The figure shows that allowing a MySQL node to be gracefully taken offline causes throughput to drop to zero at several points, indicating problems with the fail detection mechanism.
What will happen when adding a MySQL node in Group Replication?
Figure 4. Throughput drop of approximately 10 seconds when a node is added.
From the figure, it is evident that the node addition process resulted in a throughput drop of approximately 10 seconds. This indicates that MySQL did not handle the node addition process effectively.

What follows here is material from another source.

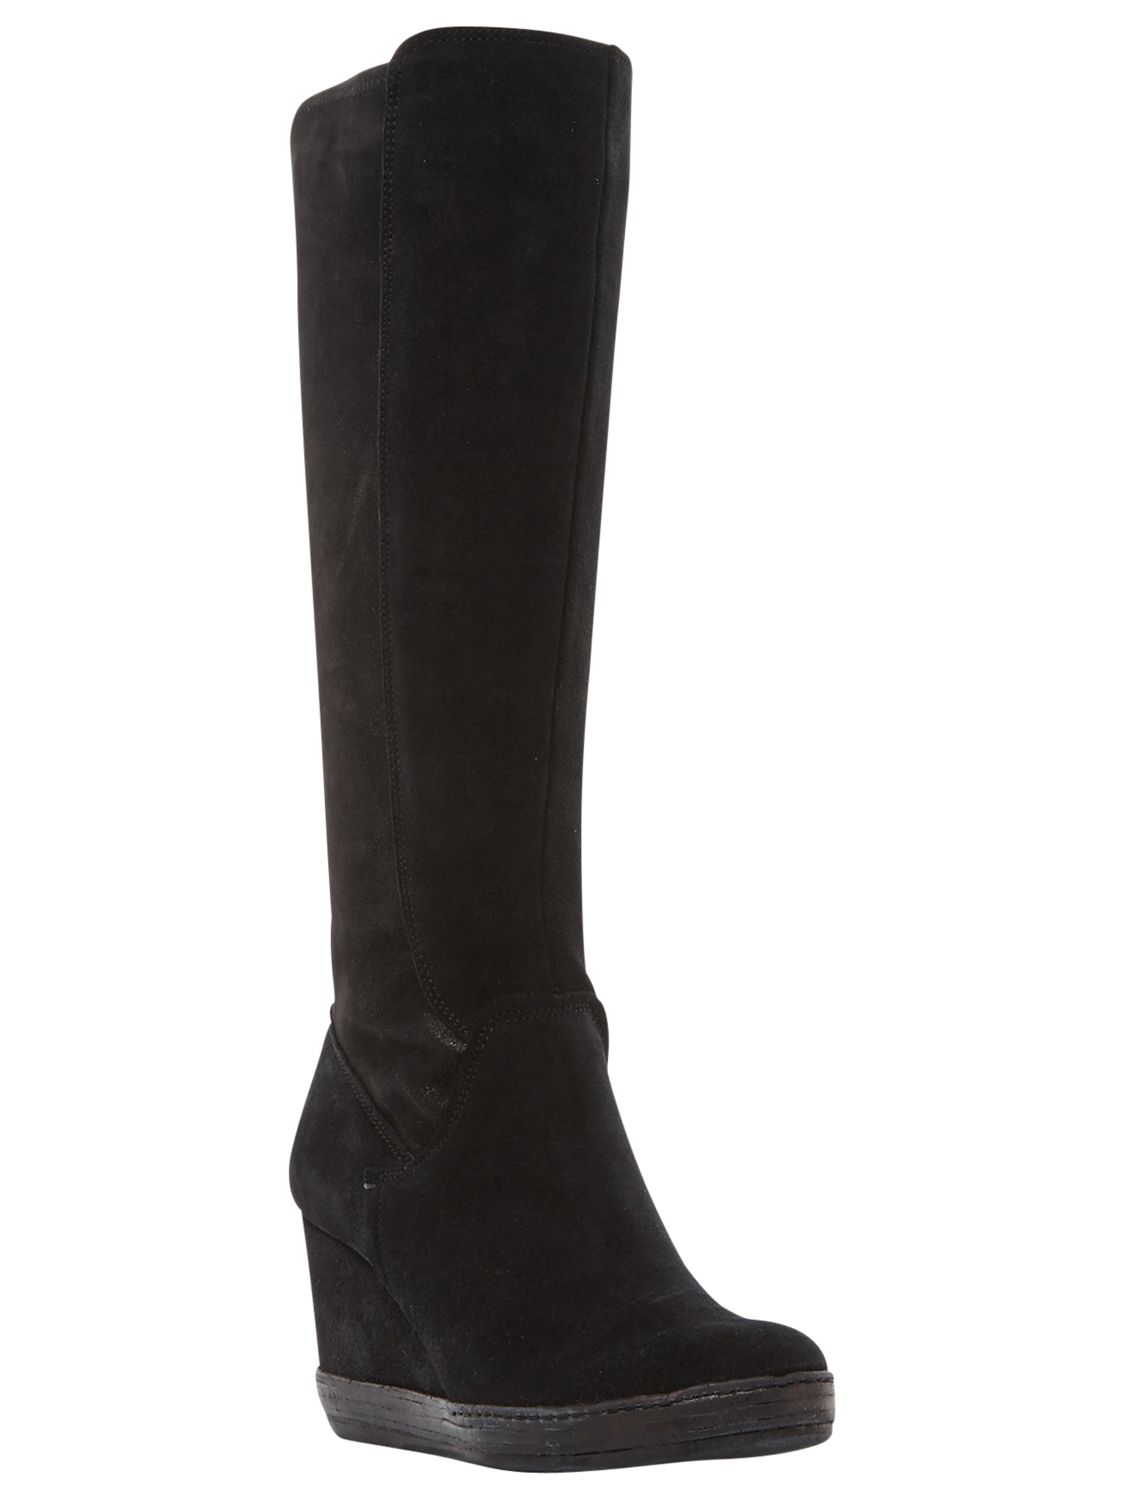 Dune Vera Wedge Heeled Knee High Boots, Black, 4

To address these problems in Group Replication, improving the probing mechanism is crucial for enhancing fault detection accuracy. Without this improvement, throughput can be significantly disrupted, making further performance enhancements challenging.

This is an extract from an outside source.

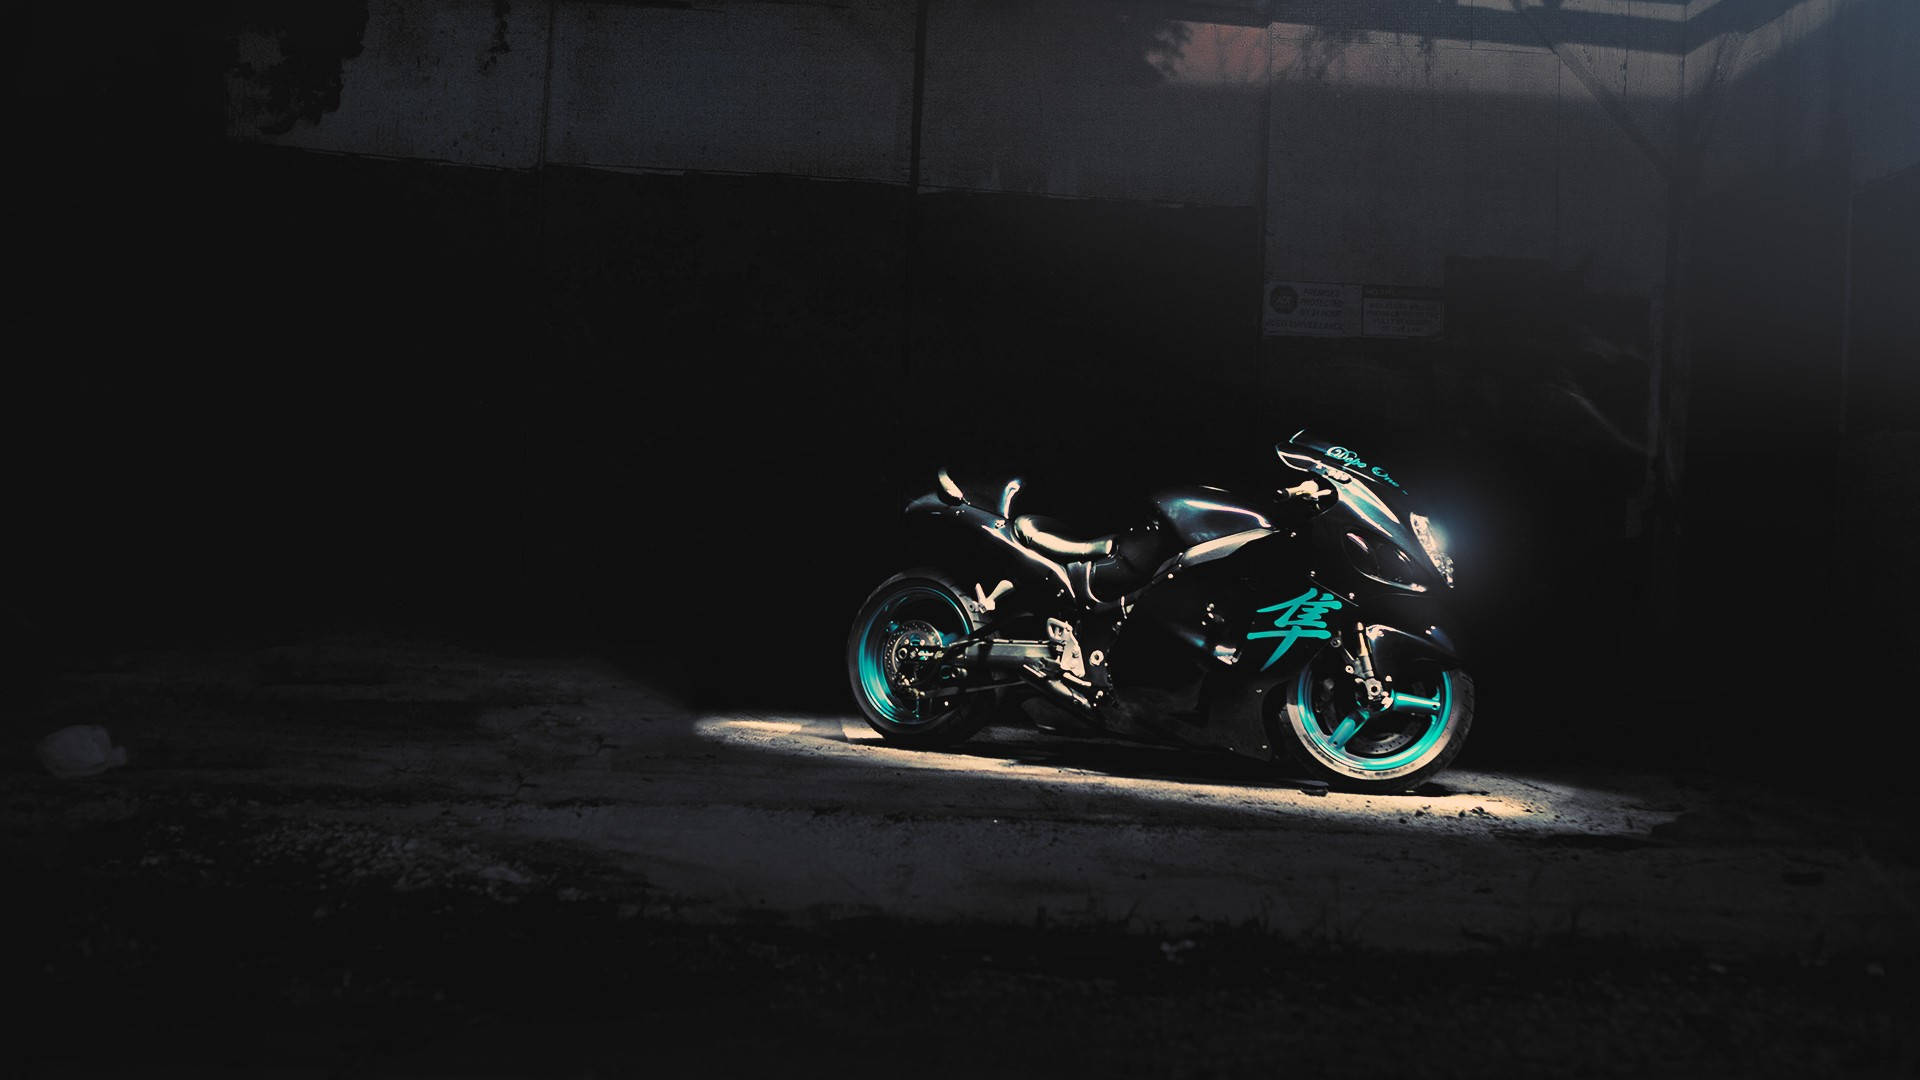 Cool Racing Hayabusa Bike In The Dark Wallpaper

Regarding the probe mechanism, the following improvements have been made.
Ensure Fair Execution for Probe Coroutines
During the processing of large transactions, the Paxos protocol handles substantial writeset data, monopolizing the processing resources of the single-threaded coroutine model. This leaves limited opportunities for the probe detection coroutine to update critical information. As a result, outdated probe data can lead to incorrect judgments, as observed in section 1.2.5.

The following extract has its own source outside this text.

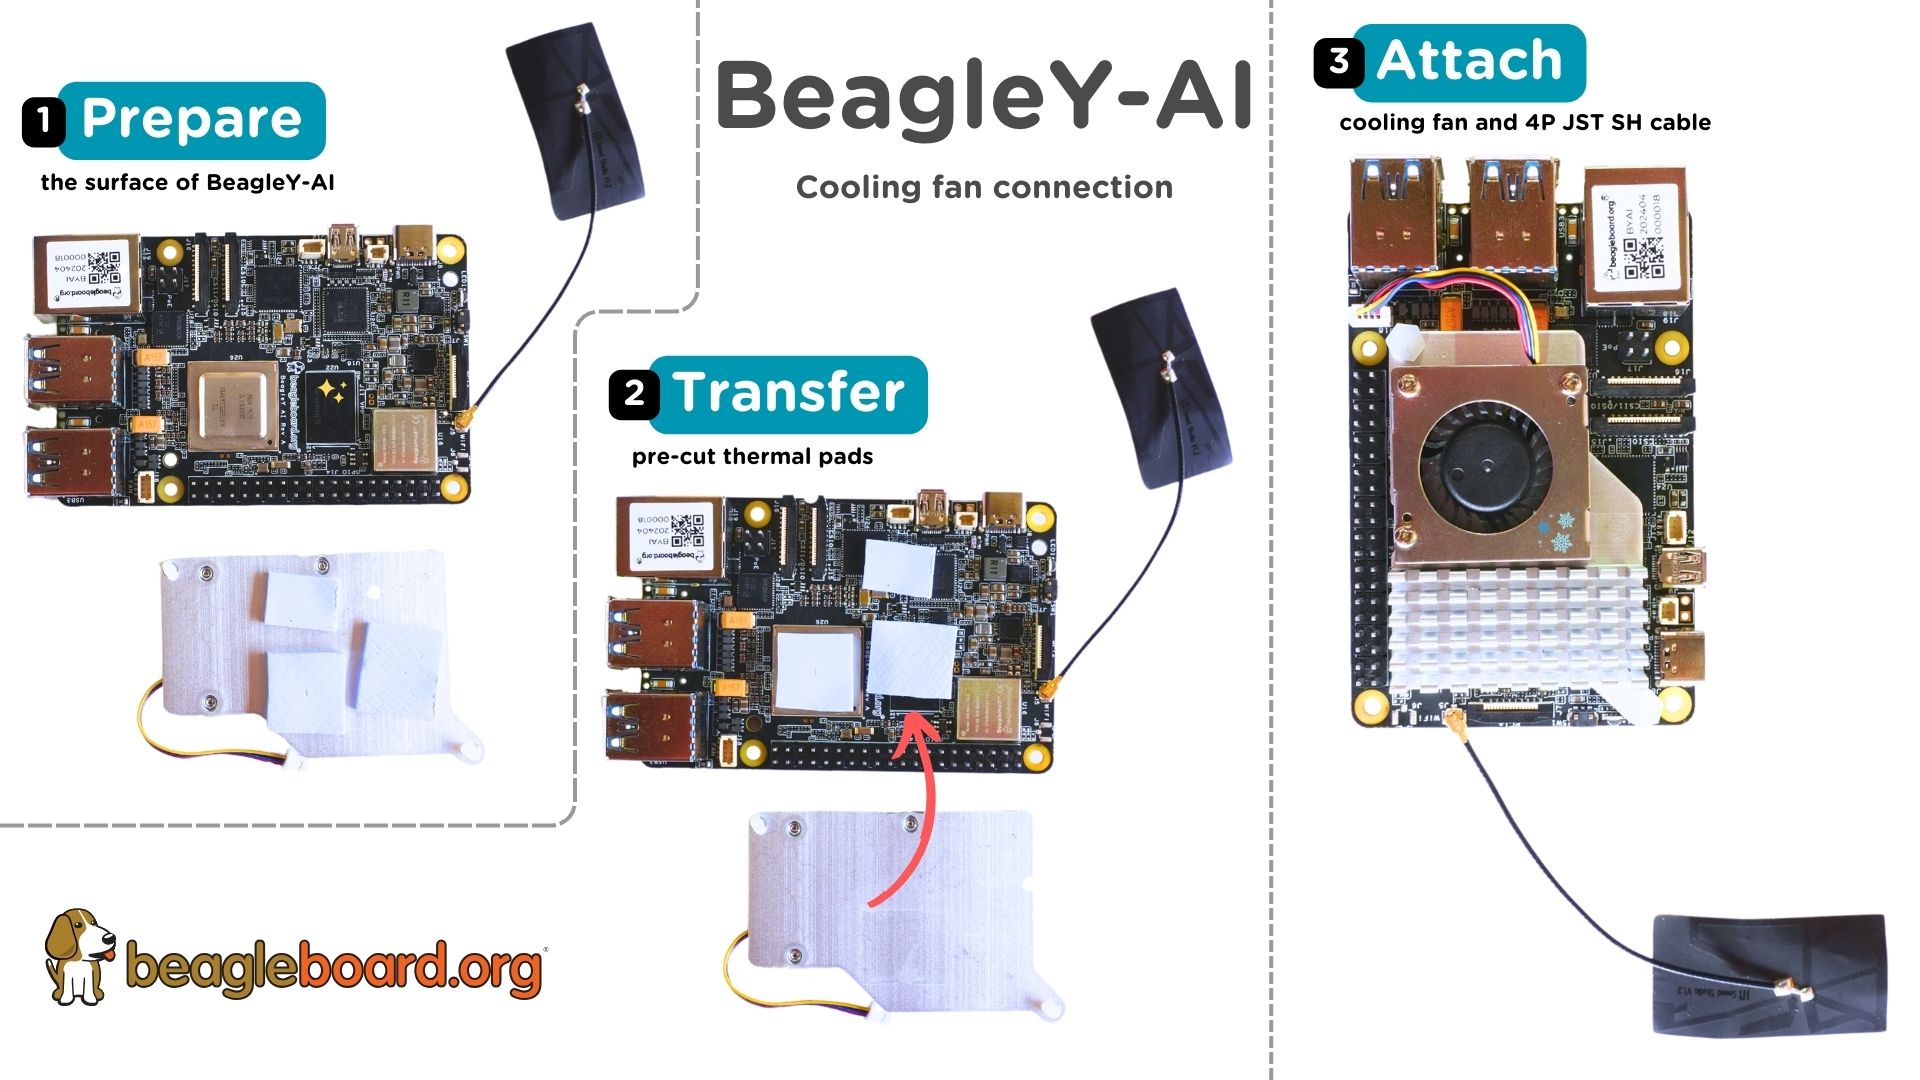 Attaching cooling fan to BeagleY-AI

To address this, the solution is to amortize data processing by splitting large transactions into multiple stages. This approach ensures that the probe detection coroutine gets more equitable opportunities to execute and update information promptly, enhancing the accuracy of fault detection.
Improved Wakeup Delay Function
Check the wakeup_delay function in MySQL, as shown in the code below:
static double wakeup_delay(double old) {
double const minimum_threshold = 0.1;
#ifdef EXECUTOR_TASK_AGGRESSIVE_NO_OP
double const maximum_threshold = 1.0;
#else
double const maximum_threshold = 20.0;
#endif /* EXECUTOR_TASK_AGGRESSIVE_NO_OP */
double retval = 0.0;
if (0.0 == old) {
double m = median_time();
double const fuzz = 5.0;
IFDBG(D_BUG, FN; NDBG(m, f));
// Guard against unreasonable estimates of median consensus time
if (m <= 0.0) m = minimum_threshold;
if (m > maximum_threshold / fuzz) m = (maximum_threshold / fuzz) / 2.0;
retval = minimum_threshold + fuzz * m + m * xcom_drand48();
} else {
retval = old * 1.4142136; /* Exponential backoff */
}
/* If we exceed maximum, choose a random value in the max/2..max interval */
if (retval > maximum_threshold) {
double const low = maximum_threshold / 2.0;
retval = low + xcom_drand48() * (maximum_threshold - low);
}
IFDBG(D_BUG, FN; NDBG(retval, f));
return retval;
}
From the code, it is evident that the calculated delay time is too rigid. This inflexibility is a key reason for performance fluctuations, as the primary may wait too long after a node exits. To address this, adjusting the relevant constants based on the environment is essential for adapting to complex and variable network conditions.
Split the wakeup_delay function to adapt to different environments
For example, when checking if propose messages have been accepted, utilize the original wakeup_delay function, as shown in the code below:
while (!finished(ep->p)) { /* Try to get a value accepted */
/* We will wake up periodically, and whenever a message arrives */
TIMED_TASK_WAIT(&ep->p->rv, ep->delay = wakeup_delay(ep->delay));
...
In the function get_xcom_message, the wakeup_delay_for_perf function is used, as shown in the code below:
DECL_ENV
...
while (!finished(*p)) {
...
if (!((*p)->force_delivery)) {
ep->delay = wakeup_delay_for_perf(ep->delay, 0.003);
} else {
ep->delay = wakeup_delay_for_perf(ep->delay, 0.1);
}
IFDBG(D_NONE, FN; NDBG(ep->delay, f));
TIMED_TASK_WAIT(&(*p)->rv, ep->delay);
*p = get_cache(msgno);
dump_debug_exec_state();
}
FINALLY
IFDBG(D_NONE, FN; SYCEXP(msgno); PTREXP(*p); NDBG(ep->wait, u);
SYCEXP(msgno));
TASK_END;
}
In the wakeup_delay_for_perf function, a more aggressive strategy can be employed, such as reducing the waiting time further.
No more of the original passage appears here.